You have to implement the median logic by yourself, as there is no directly
implementation from Spark. You can use RDD API, if you are using 1.6.x, or
dataset if 2.x
The following example gives you an idea how to calculate the median using
dataset API. You can even change the code to add additional logic to calculate
the diff of every value with the median.
scala> spark.version
res31: String = 2.1.0
scala> val ds = Seq((100,0.43),(100,0.33),(100,0.73),(101,0.29),(101,0.96),
(101,0.42),(101,0.01)).toDF("id","value").as[(Int, Double)]
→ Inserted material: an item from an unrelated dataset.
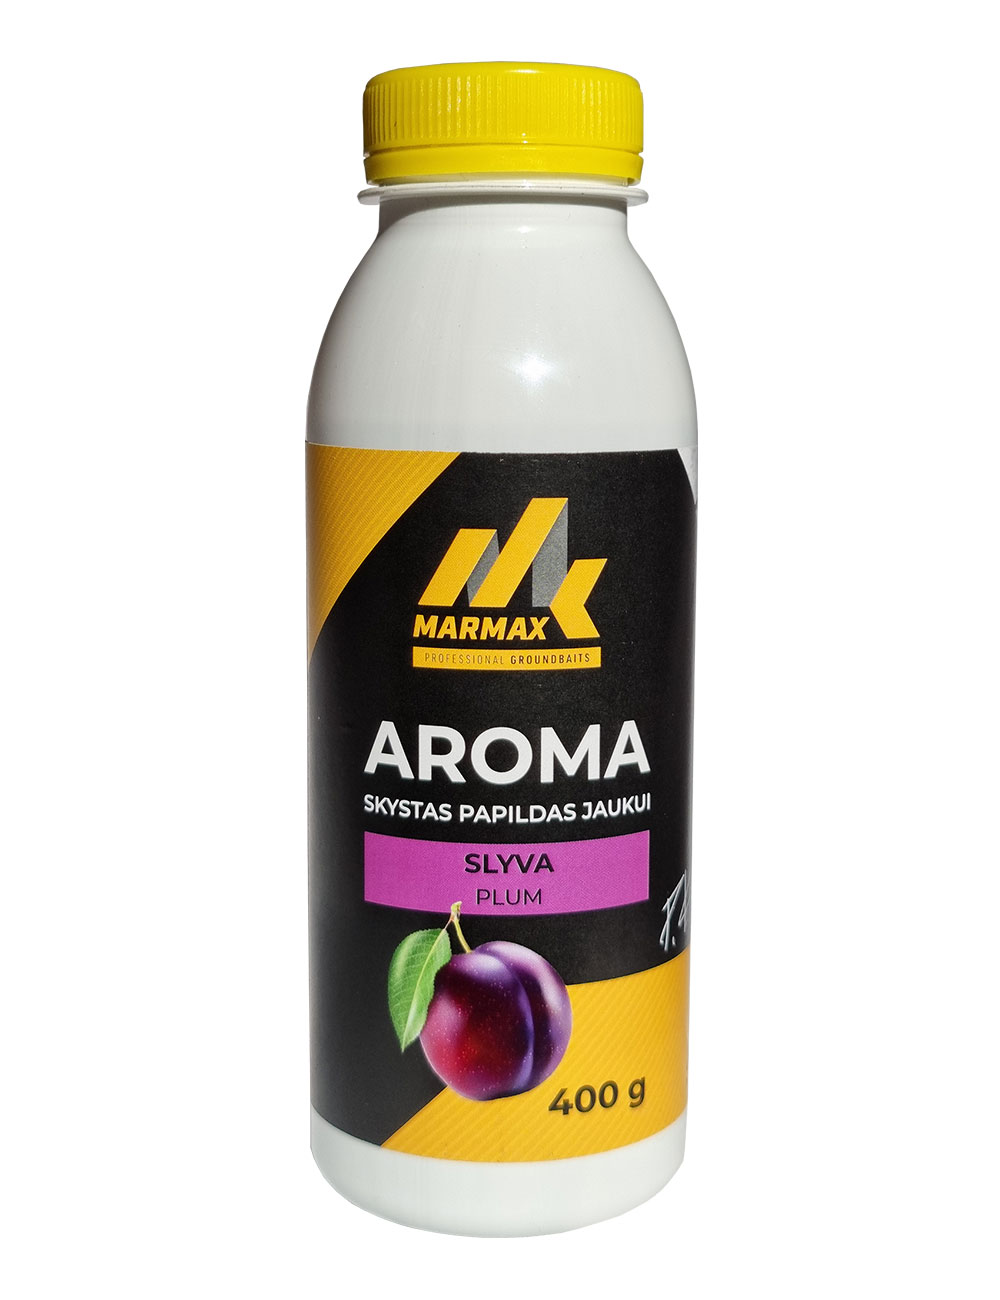 Aroma - Slyva (400g)

ds: org.apache.spark.sql.Dataset[(Int, Double)] = [id: int, value: double]
scala> ds.show
+---+-----+
| id|value|
+---+-----+
|100| 0.43|
|100| 0.33|
|100| 0.73|
|101| 0.29|
|101| 0.96|
|101| 0.42|
|101| 0.01|
+---+-----+
scala> def median(seq: Seq[Double]) = {
| val size = seq.size
| val sorted = seq.sorted
| size match {
| case even if size % 2 == 0 => (sorted((size-2)/2) + sorted(size/2))
/ 2
| case odd => sorted((size-1)/2)
| }
| }
median: (seq: Seq[Double])Double
scala> ds.groupByKey(_._1).mapGroups((id, iter) => (id,
median(iter.map(_._2).toSeq))).show
+---+-----+
| _1| _2|
+---+-----+
|101|0.355|
|100| 0.43|
+---+-----+
Yong
________________________________
From: ayan guha <guha.a...@gmail.com>
Sent: Wednesday, March 22, 2017 7:23 PM
To: Craig Ching
Cc: Yong Zhang; user@spark.apache.org
Subject: Re: calculate diff of value and median in a group
I would suggest use window function with partitioning.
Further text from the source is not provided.